→ Recorded information
----

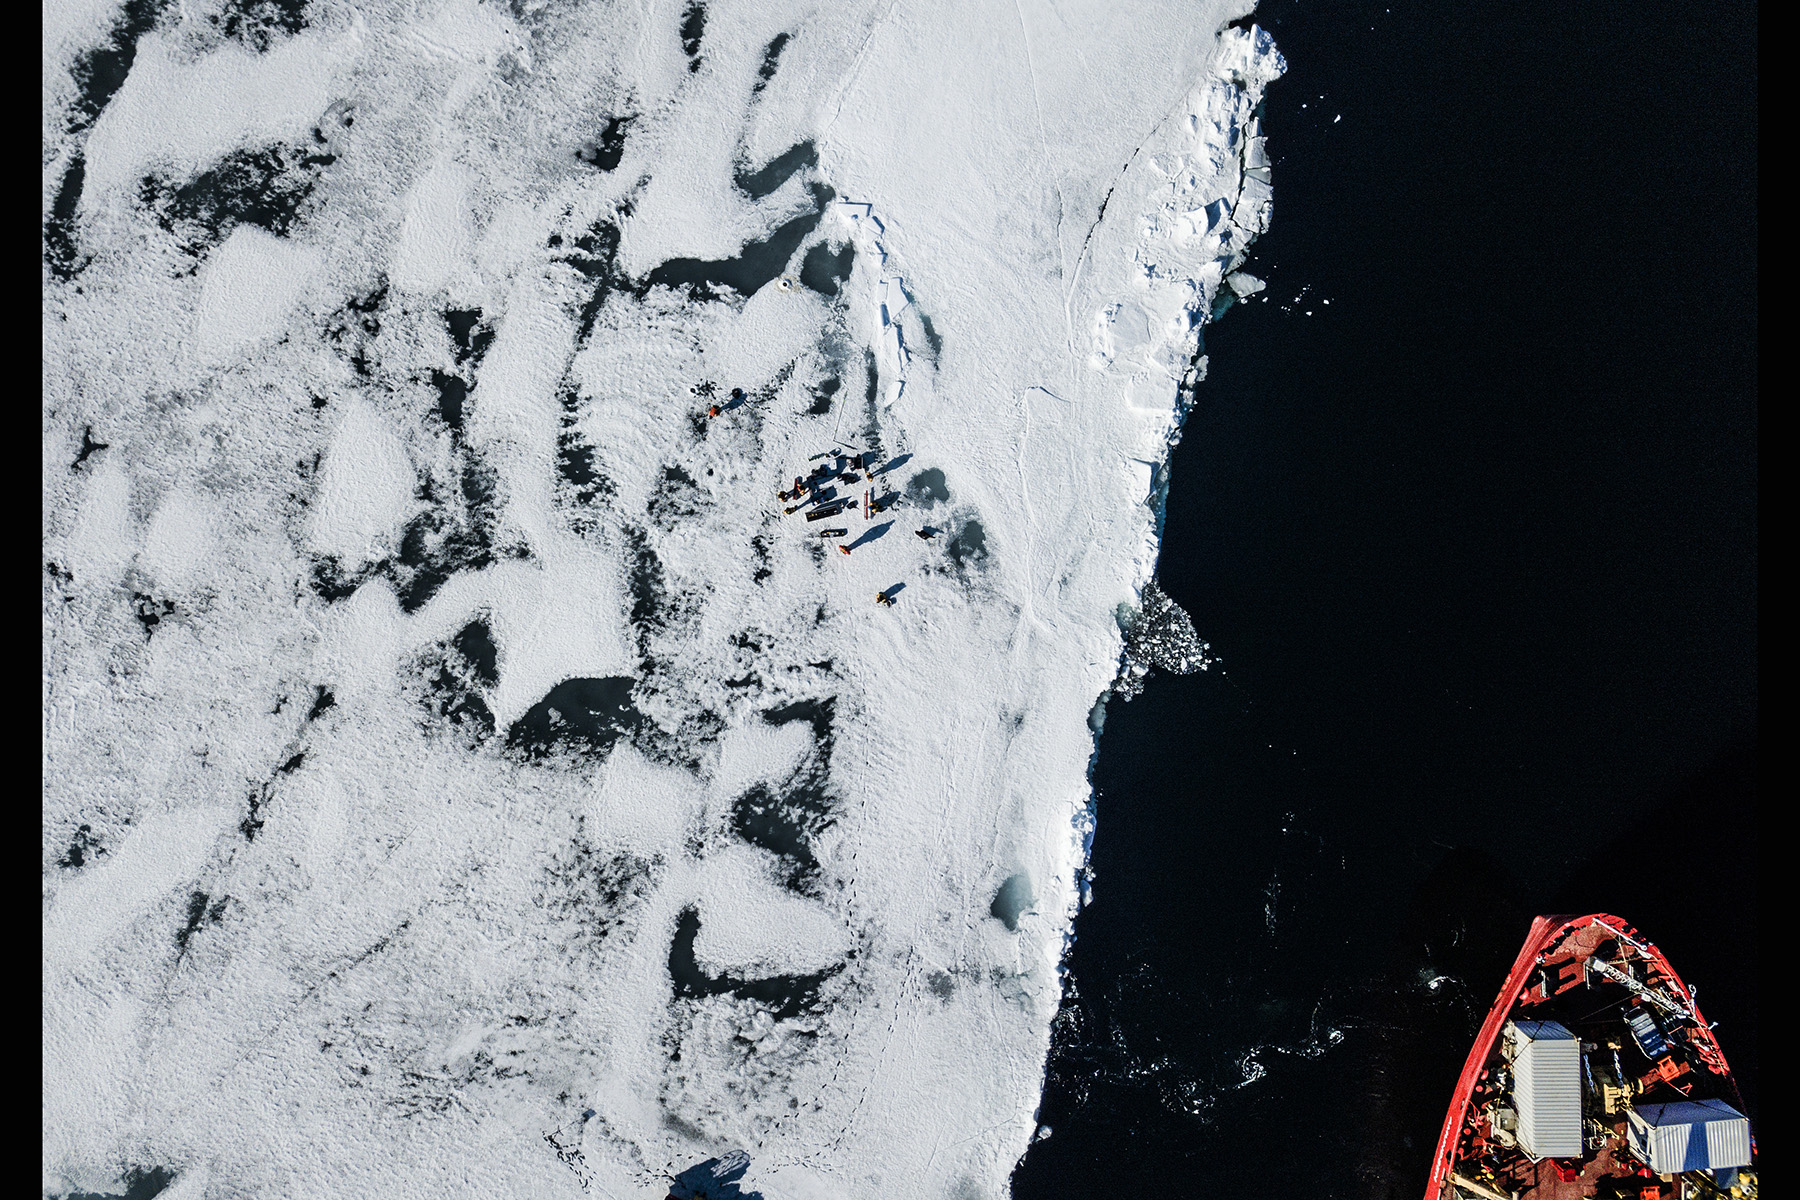  Canada, Nunavut, Kangiqsualuk Ilua (Hudson Bay), June 2018

An aerial of the Amundsen, which is an icebreaker from the Canadian coastguard, which is also partly has been converted to a science lab. 
An international team of scientists specialised in

----

→ Problem statement
Your output should be an exact copy of the lines from the one containing "An aerial of" through the last line of the data above.

→ Final answer
An aerial of the Amundsen, which is an icebreaker from the Canadian coastguard, which is also partly has been converted to a science lab. 
An international team of scientists specialised in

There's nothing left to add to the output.